Here is my code to tuning vector_add via AutoScheduler:
@auto_scheduler.register_workload
def vector_add(N):
data1 = te.placeholder((N,), name="data1")
data2 = te.placeholder((N,), name="data2")
vadd = te.compute(data1.shape, lambda i : data1[i] + data2[i], name="vadd")
return data1, data2, vadd
target = tvm.target.Target("cuda")
N = 256
task = auto_scheduler.SearchTask(
func=vector_add, args=(N,), target=target
)
log_file = "vector_add.json"
measure_ctx = auto_scheduler.LocalRPCMeasureContext(min_repeat_ms=300)
tune_option = auto_scheduler.TuningOptions(
num_measure_trials=1000, # change this to 1000 to achieve the best performance
runner=measure_ctx.runner,
measure_callbacks=[auto_scheduler.RecordToFile(log_file)],
verbose=2,
)
# Run auto-tuning (search)
task.tune(tune_option)
# Apply the best schedule
sch, args = task.apply_best(log_file)
# Kill the measurement process
del measure_ctx
func = tvm.build(sch, args, target)
data1 = np.random.uniform(size=(N,)).astype(np.float32)
data2 = np.random.uniform(size=(N,)).astype(np.float32)
out = np.zeros((N,), dtype="float32")
dev = tvm.cuda()
tdata1 = tvm.nd.array(data1, device=dev)
tdata2 = tvm.nd.array(data2, device=dev)
tout = tvm.nd.empty(out.shape, device=dev)
func(tdata1, tdata2, tout)
print(
"Execution time of this operator: %.3f ms"

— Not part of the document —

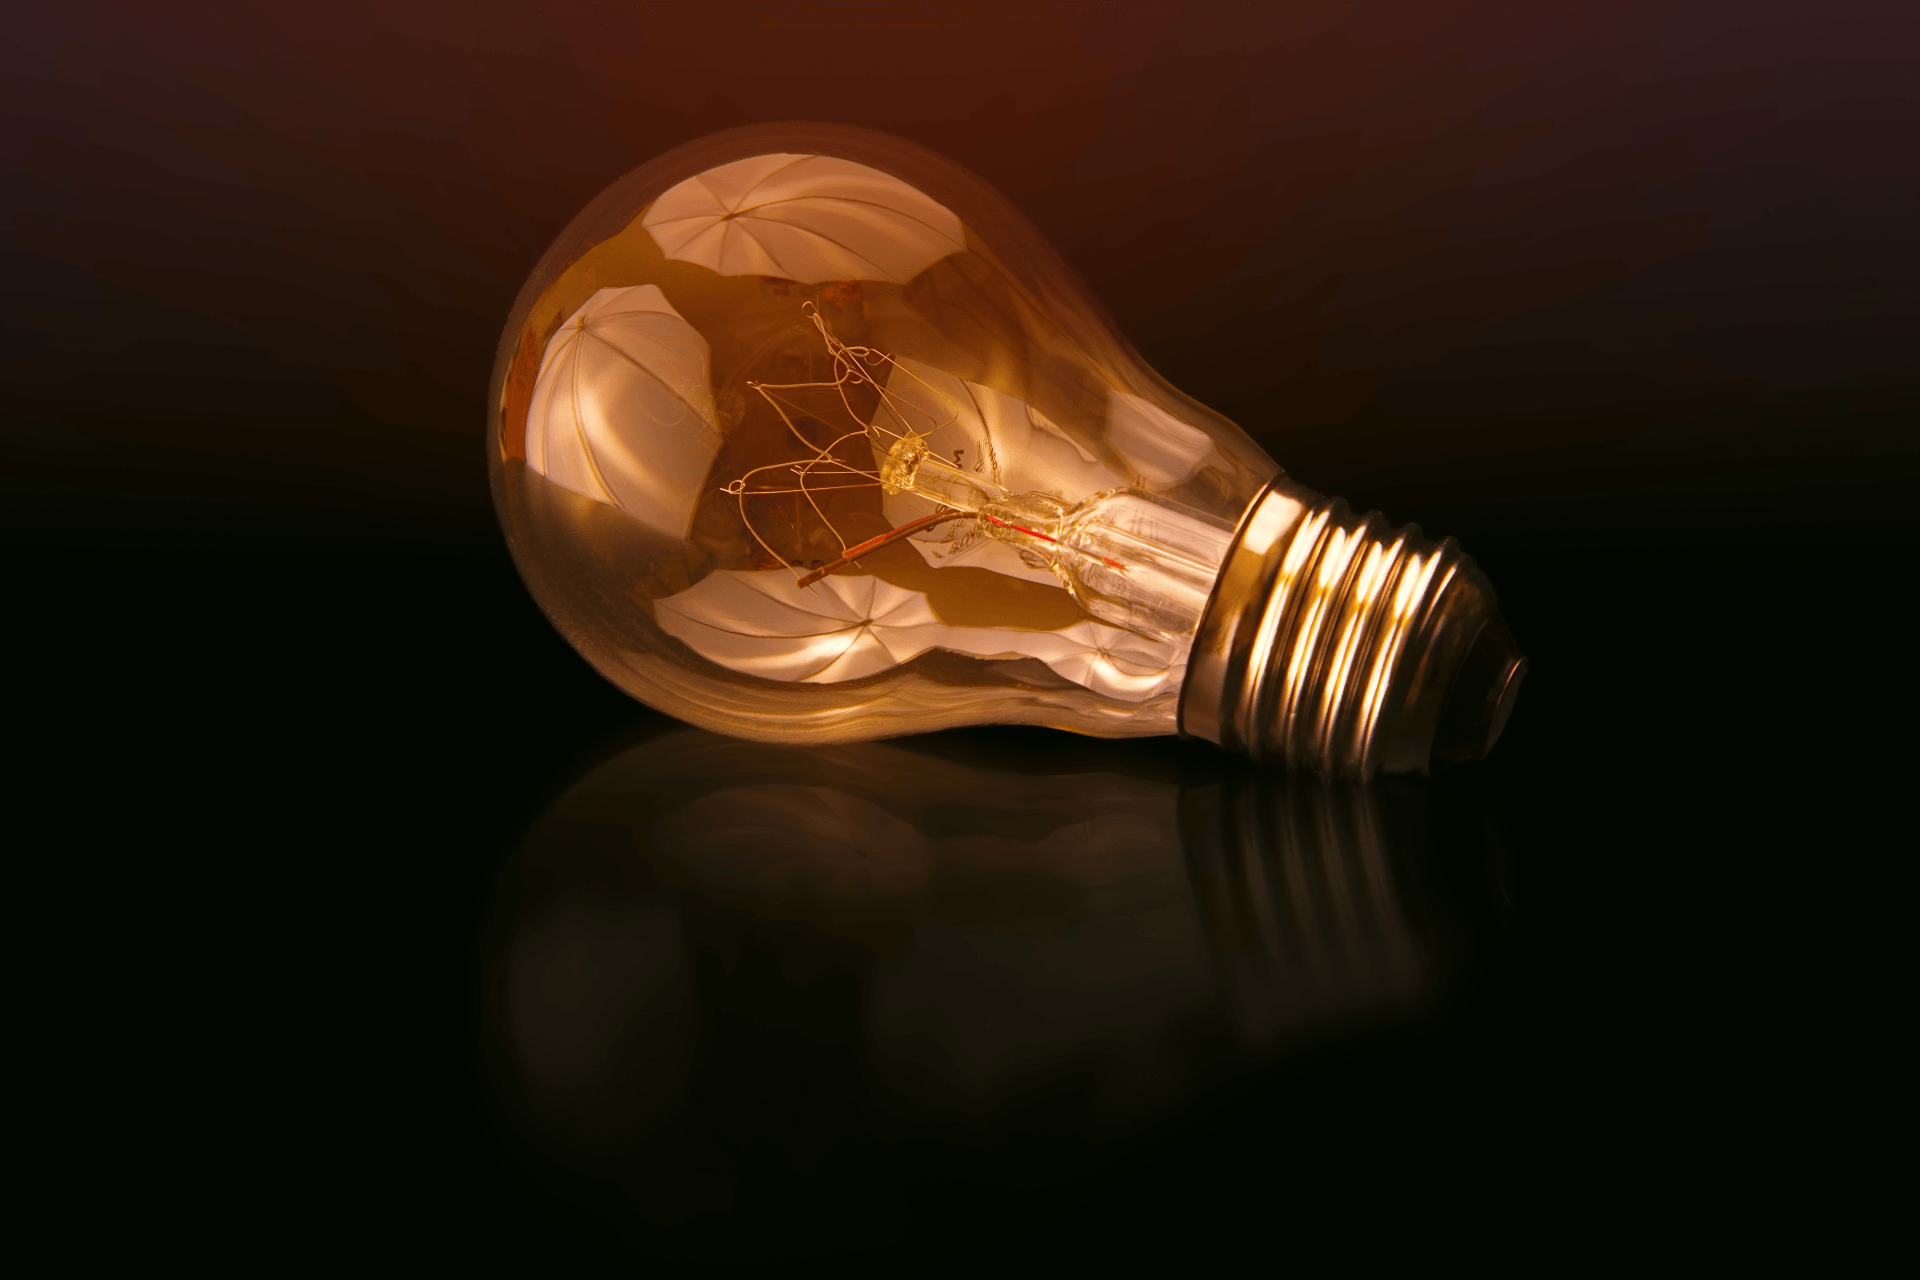 lightbulb facing down a dark background

% (np.median(evaluator(tdata1, tdata2, tout).results) * 1000)
)
print(task.print_best(log_file, print_mode="cuda"))
Finally, I get a code by auto-scheduling, but it looks don’t any optimization:
extern "C" __global__ void __launch_bounds__(8) default_function_kernel0(float* __restrict__ vadd, float* __restrict__ data1, float* __restrict__ data2) {
vadd[((((int)blockIdx.x) * 8) + ((int)threadIdx.x))] = (data1[((((int)blockIdx.x) * 8) + ((int)threadIdx.x))] + data2[((((int)blockIdx.x) * 8) + ((int)threadIdx.x))]);
}